Looking at related code, sys_sendfile64 a few lines down.

if (unlikely(copy_from_user(&pos, offset, sizeof(loff_t))))
return -EFAULT;

if (unlikely(put_user(pos, offset)))
return -EFAULT;

It seems odd that put_user() is used to write an 8-byte value, but
get_user() cannot be used read one. I looked in <asm-i386/uaccess.h>
and indeed the asymmetry is there.

Is there a reason why put_user() supports 1/2/4/8 bytes and get_user()
supports only 1/2/4 bytes?

-- Jamie

2004-04-19 05:28:17

by Linus Torvalds

[permalink] [raw]
Subject: Re: Nasty 2.6 sendfile() bug / regression; affects vsftpd



On Mon, 19 Apr 2004, Jamie Lokier wrote:
>
> Is there a reason why put_user() supports 1/2/4/8 bytes and get_user()
> supports only 1/2/4 bytes?

It's a bit more complicated to do get_user, mainly because we use a 64-bit
value to pass the data around already on x86 - the "real data" in %eax,
and the error code in %edx. So you'd need to have a slightly different
calling convention for the 8-byte case, so it was more than just
"duplicate the other cases".

I agree that it's an ugly special case. get/put_user should really accept
all the normal cases, and that includes 'u64'.

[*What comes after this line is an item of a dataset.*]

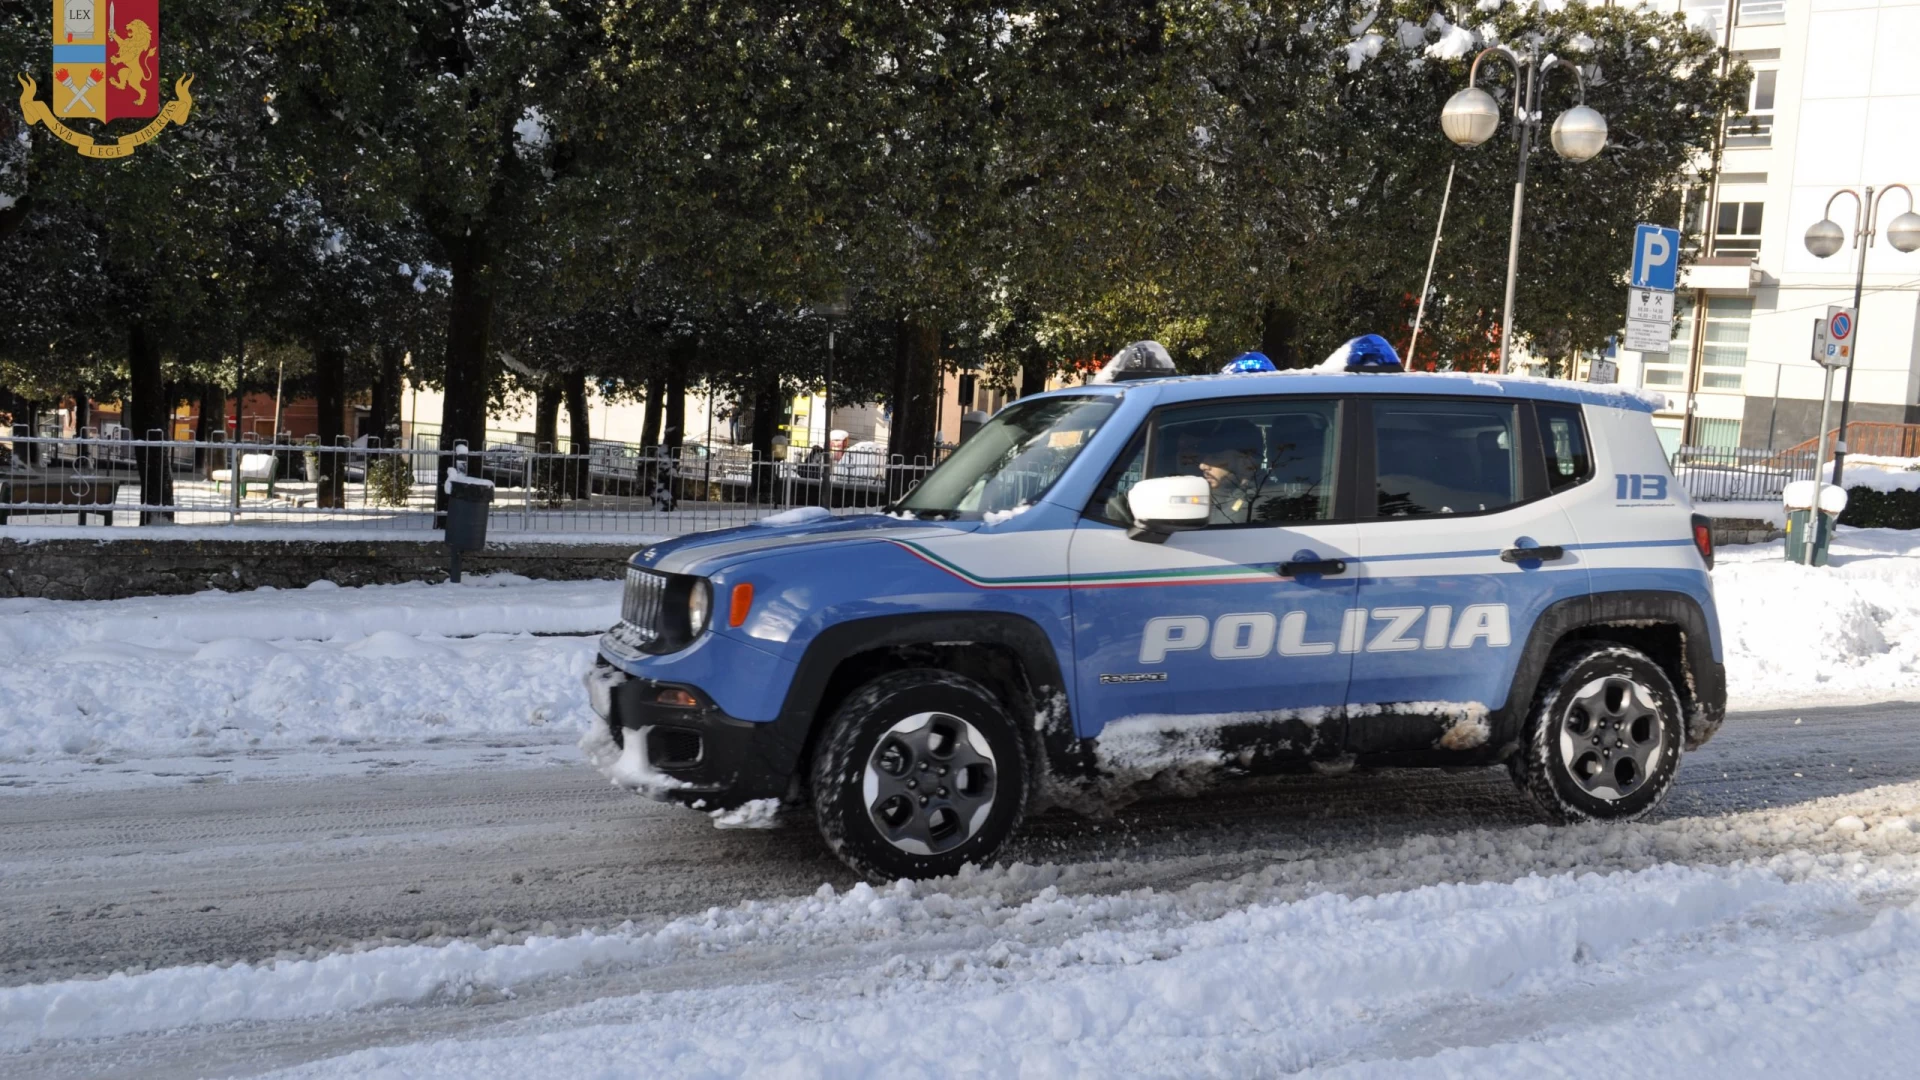 Emergenza neve , la Polizia di Stato moltiplica la presenza ed i controlli sul territorio provinciale. Guarda il video.

Not a lot of code cares, though, so for now we've just had the special
case. You are the first one to notice, I think.

Linus

2004-04-19 09:44:19

by Jamie Lokier

[permalink] [raw]
Subject: [PATCH] Add 64-bit get_user and __get_user for i386

Linus Torvalds wrote:
> I agree that it's an ugly special case. get/put_user should really accept
> all the normal cases, and that includes 'u64'.

Enjoy,
-- Jamie

Subject: [PATCH] Add 64-bit get_user and __get_user for i386
Patch: uaccess64-2.6.5

Add 64-bit get_user and __get_user for i386.
Don't ask me how, but this shrinks the kernel too.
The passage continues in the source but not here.